Rail systems, which offer some of the most reliable forms of public transit, have also not expanded fast enough in many growing metros, even as population growth has pushed more households farther from urban centers.

Any fix, then, will have to package solutions that address all of these speed bumps: allow more housing near transit, invest in frequent and reliable service, and coordinate between the authorities who can make the ecosystem work.

Some states and cities are already moving in that direction. California and Colorado have adopted land-use rules aimed at promoting more housing and mixed-use development near transit—and since 2022, more than half of new housing units built in the Golden State are located within a half-mile of any transit, according to the UI.
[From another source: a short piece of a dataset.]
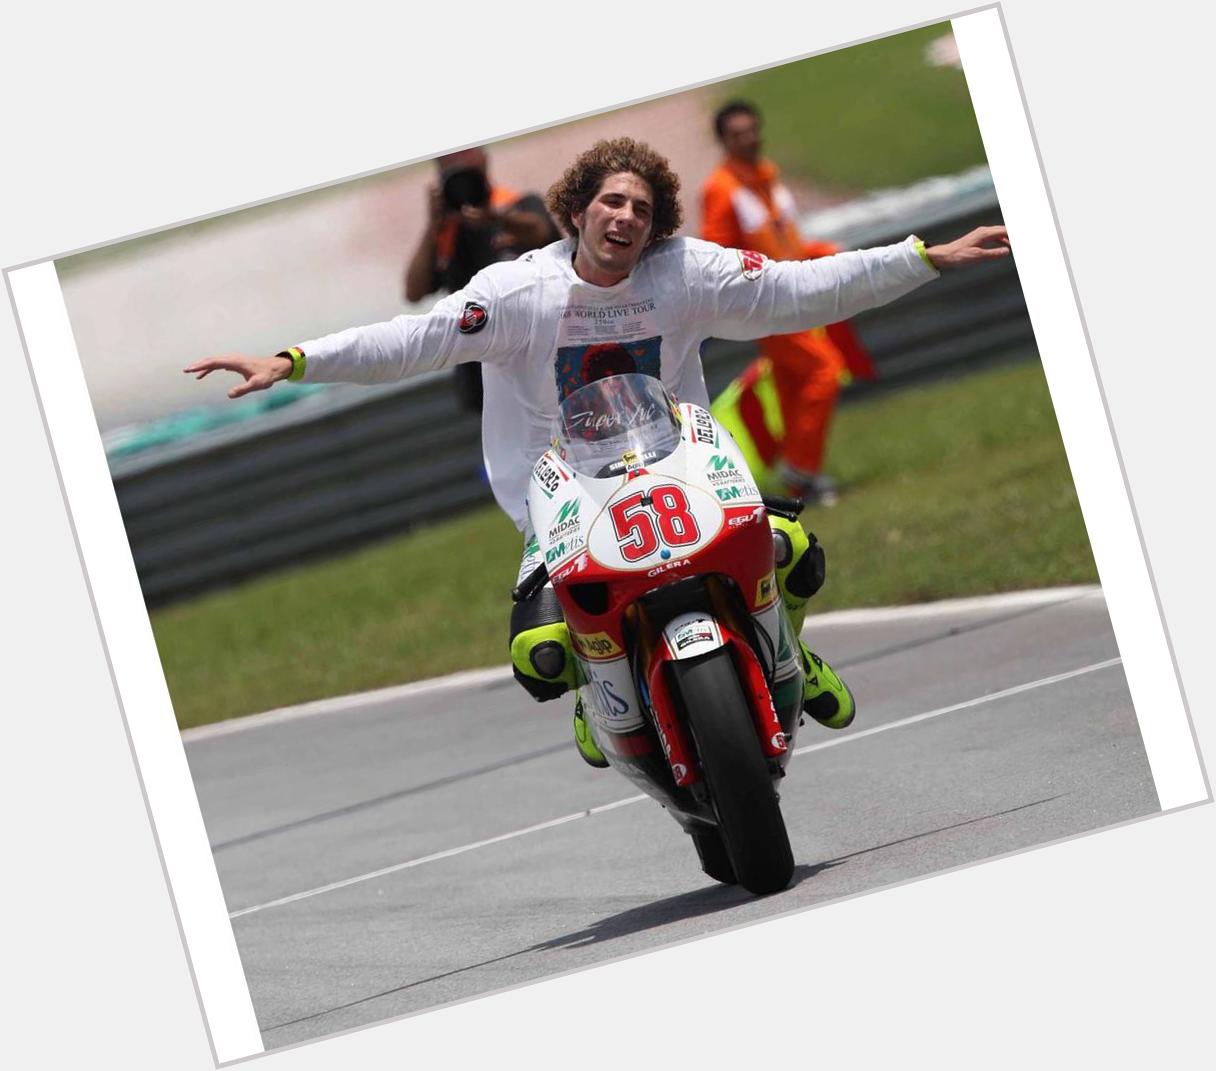 Happy birthday Marco Simoncelli, you will never be forgotten

But even as more places try to build around transit, another obstacle is emerging: the financial health of the transit systems themselves.

About half of U.S. transit agencies surveyed—51% of 122 responding agencies—said they expected to face a fiscal cliff within five years, according to the American Public Transportation Association. Among the largest agencies, that share was 71%. APTA also found that the largest agencies expected shortfalls equal to 10% to 30% of their operating budgets.

That creates another version of the same paradox. At the exact moment households need alternatives to expensive car ownership, many transit systems are struggling to maintain the service that makes those alternatives possible.